Please note: this Clipping Contest really is like comparing apples and oranges.
- the CPUs used to actually run the tests are of different generations, and obviously have different intrinsic speeds.
- it's not at all clearly stated if the Desktop GIS apps permanently saved the Clipped Contour Lines somewhere or not. And it's not at all clear which kind of data storage they used (directly accessing the disk-based Shapefiles ? loading all the stuff in memory ? some other kind of properly structured disk-based storage, may be temporary and transient ?)
- the amount of available RAM is absolutely not relevant; this Contest could eventually benefit from a faster CPU, but the required memory footprint is minimal (just few hundredth MB in the SpatiaLite's case). Consuming huge amounts of RAM doesn't looks at all a wise solution, and isn't at all strictly required in this specific case. When such a condition emerges this will probably mean that some barbaric brute-force data access strategy has been badly adopted.
- adopting some kind of parallel processing will obviously introduce a noticeable performance boost (SpatiaLite is single threaded; so using a quad-core processor had absolutely no effect at all).

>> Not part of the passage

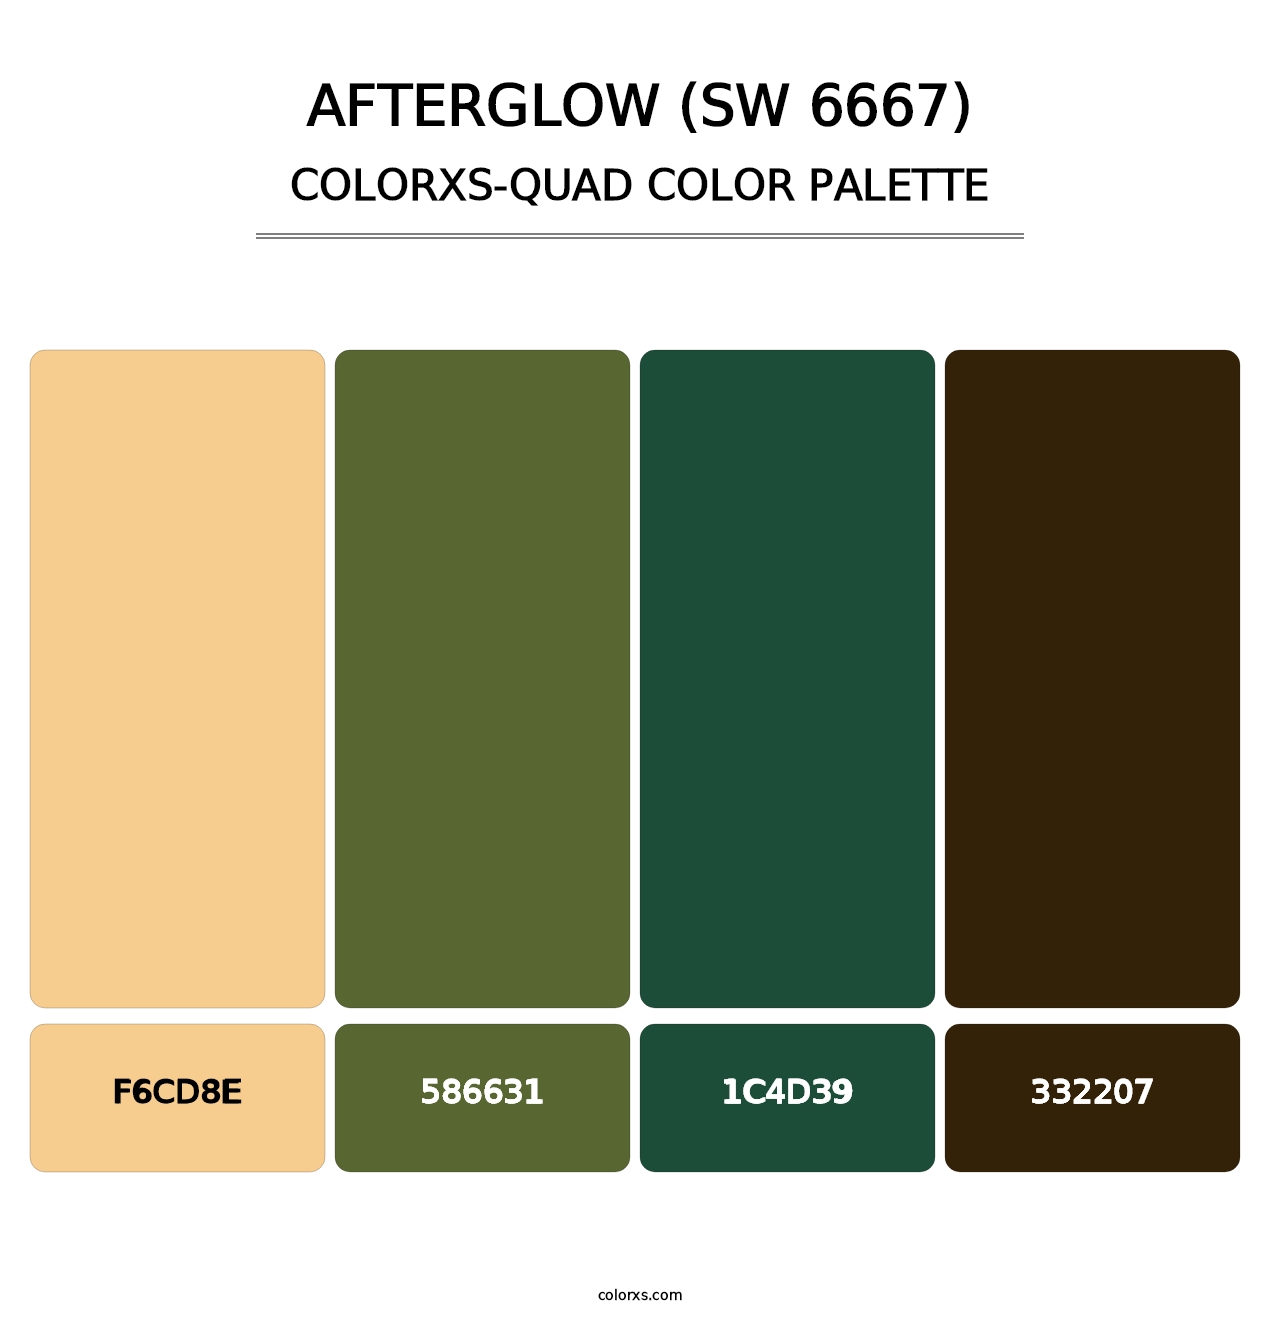 Afterglow (SW 6667) - Colorxs Quad Palette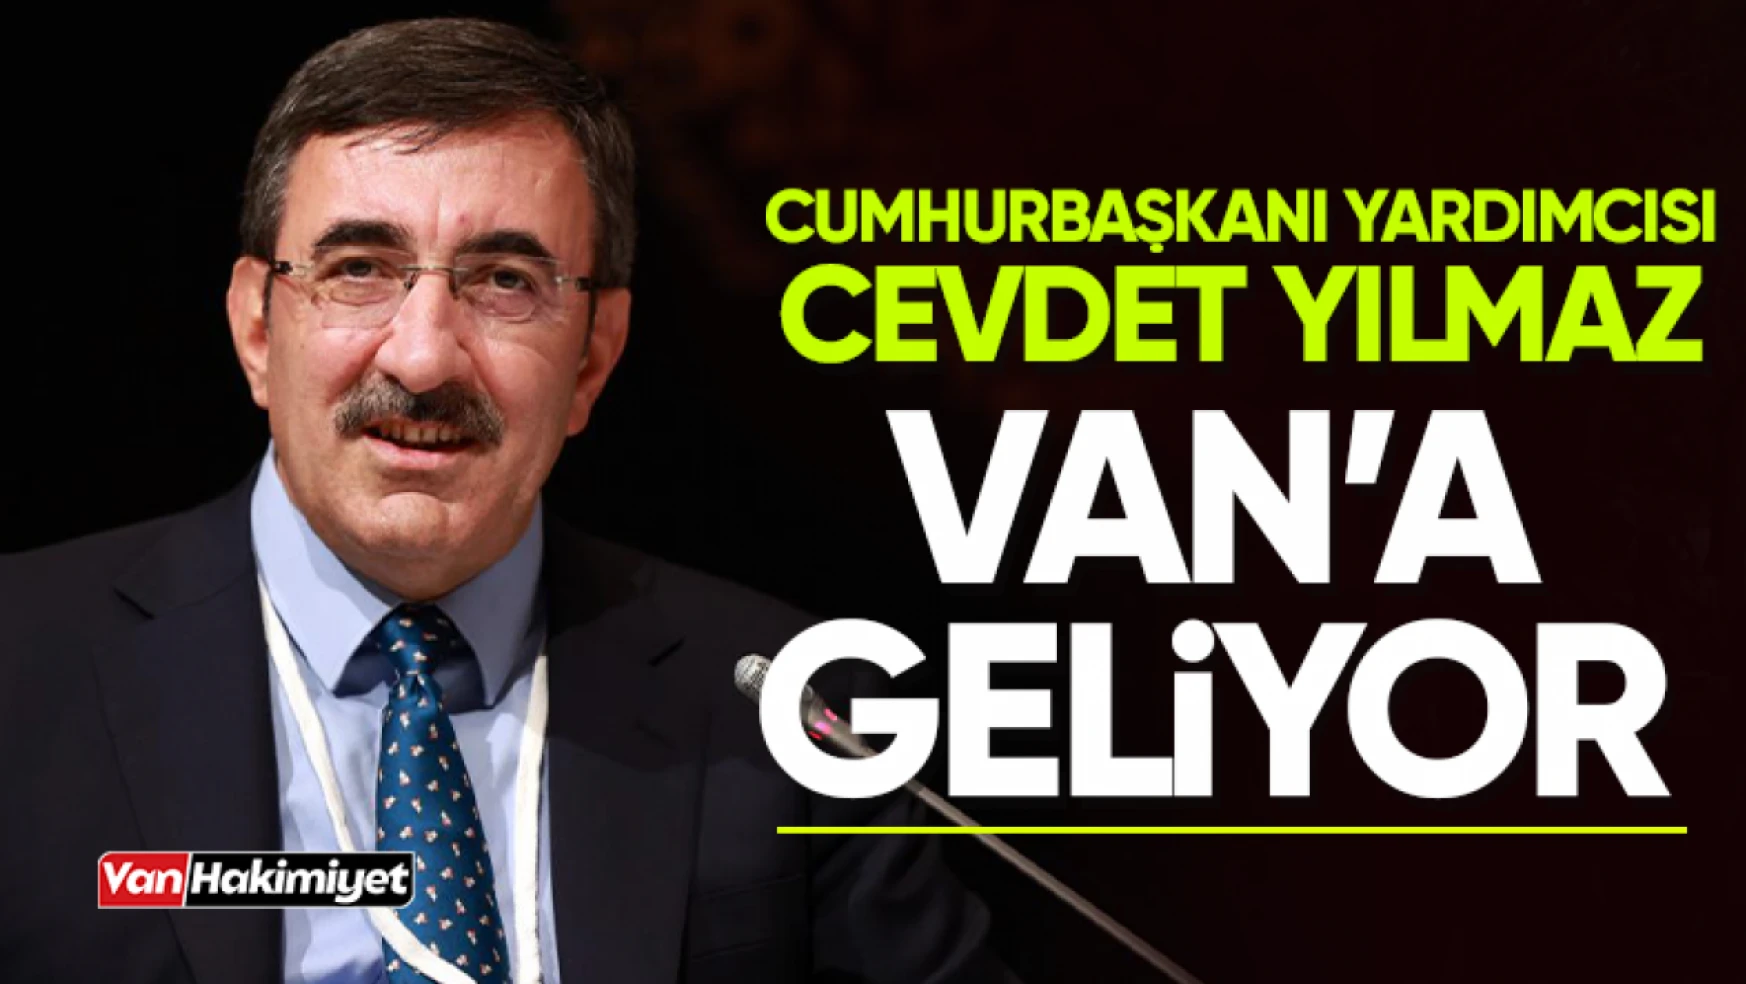 Cumhurbaşkanı Yardımcısı Cevdet Yılmaz Van'a geliyor!

What are we measuring, really ?
- many GFOSS implementations (QGIS, PostGIS, SpatiaLite) are based on GEOS; so any measured time effectively represents the intrinsic efficiency of GEOS much more than the efficiency of the top-level application itself. If a difference exists between different GEOS-based apps, this is simply when the top-level apps badly introduces some further overhead thus reducing the overall efficiency.
- other GFOSS Java implementations (gvSIG, OpenJump, uDIG) are based on JTS; but GEOS simply is a transposition in C++ of the original Java-based JTS, the underlaying algorithms are exactly the same for both libraries. So, roughly speaking, all GFOSS applications (both C, C++ and Java) after all are based on the top of the same base-level algorithms. And not at all surprisingly all measured timings are quite exactly the same.
- with the remarkable exception of GRASS GIS; this one adopts an original approach of its own, being based on a conceptually different Geometry model (topology vs simple features). Anyway, in this case too timings are very similar to the others.
- IMHO it's a good demonstration that we have complessively reached the best possible efficiency for this kind of problems. And that openness combined with collaboration/competition between many different independent projects always leads to good, robust and efficient software.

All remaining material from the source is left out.